In the step wise regression, we increase the variable numbers step by step after the entrance of the first variable to the model. Once we remove the variable from the model, it cannot be entered again as variable. The critical point, values of Fe (F-to-enter), Fo (F-to- remove) and level of significant have to be determined before insertion of the variable as well as selecting variable. Then we compare the value of the Fe and F0 with the F value of each of the step .If the value of the F is greater than the Fe, we add the potential variable to the model .If F is less than the Fo, we remove the variables from the model.

3.4 Data Partitioning

3.4.1 Partitioning of the Data

Any study that is using the ANN for forecasting must separate data which will be used for the training, validation and testing. Refenes et al. (1993) described that the relationship of the security prices (index) and the variables that affect the price changes with the time. That’s why, we partition the data vertically instead of the horizontally. Although the horizontal prediction can give better accuracy but they are unrealistic. A vertical partition of the data, will divide the data set into three partitions, one for training, one for validation and one for testing.

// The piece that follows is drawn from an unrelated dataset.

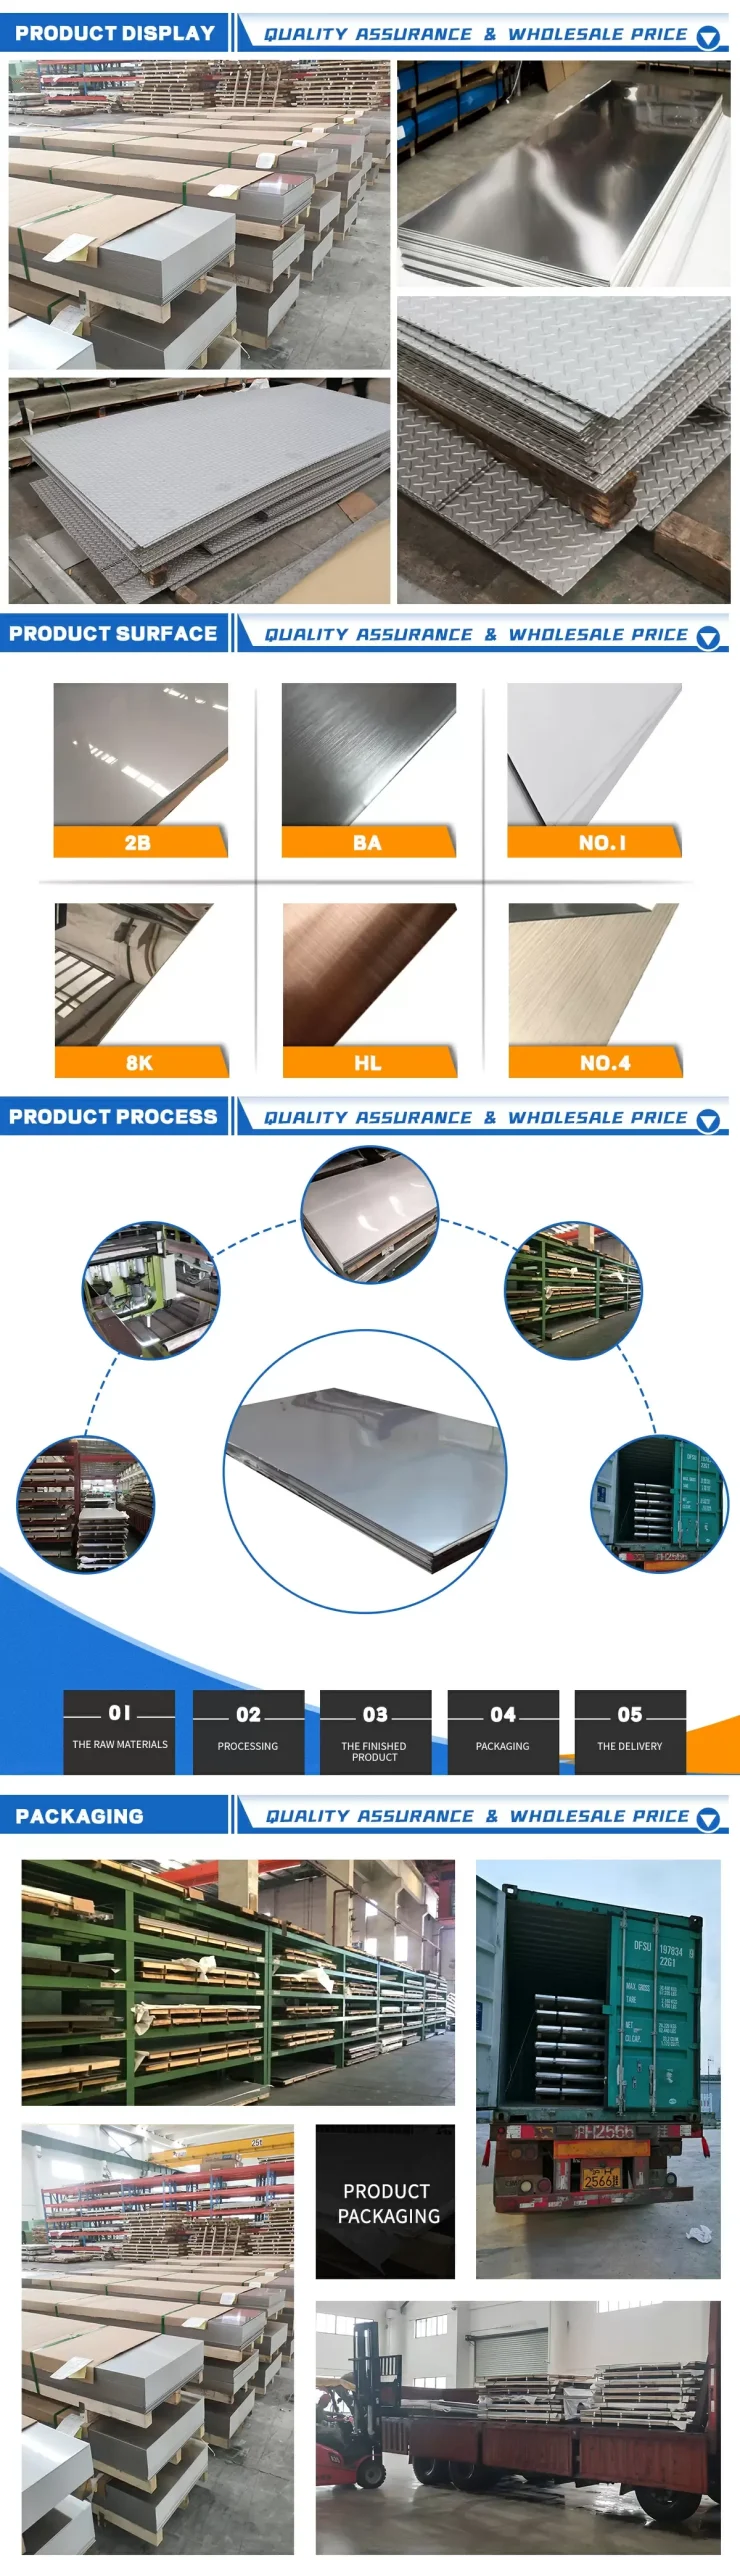 304 Stainless Steel Sheet - Mehes Technology-Stainless steel ...

There are no standard theories or approaches that can determine the actual ratio of the split of the training and testing, which depends upon the data and the methodology. There are wide varieties of competing guidelines by various academic researchers on the actual ratio split. Ruggiero (1997) and Kim and Lee (2004) suggested an 80.20 split, Kaufman (1998) suggested a 70.30 split, Gatley suggested 90.10 split. These academic studies do not include the validation set, but validation set should be chosen as it strikes a balance between obtaining an enough set of data to evaluate the model and having enough observations for both training and validation (Dimitri Pissarenko, 2001-02). Moreover, we should not include the validation set into the training set. In essence, the main aim of the training should be to capture the variety of stock market as possible with training, while keeping the testing window as small as possible. As this study is of 6 years period, it is reasonable to split the remaining data 80.10.10 as training ,validation and testing data and then evaluate the model by forecasting the next day value of the FTSE100 . Moreover, this split provides a reasonable compromise and takes all the guidelines.

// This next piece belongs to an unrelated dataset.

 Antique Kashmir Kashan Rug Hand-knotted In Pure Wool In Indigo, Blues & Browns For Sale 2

3.4.2 Sliding Moving Window Approach

Most of the studies that uses ANN for time series forecasting uses a fixed window approach. The data is usually divided into the three sets: training data, validation data and test data. We train and developed the neural network by using the training and validation data and the network is tested through the test data. As mentioned, in the Data portioning section that different academic researchers divide the data differently. In addition, the size of each portion of set of data remains constant after the splitting of the data. But this approach is not good in case of the financial time series as the characteristics of the time series keep on changing with time. So, the forecasting model build from this approach will give poorer result. [Weighted]This approach is useful when the time series is relatively stationary and the parameters that affect that time series are constant. But, even if the financial time series is constant, we cannot use this time series because possibly the parameters and the noise keep on changing with time. So, we need to include new time series or observations as time keep on changing. Normally two approaches are used by academic researchers in case of the financial data: rolling and moving window approach.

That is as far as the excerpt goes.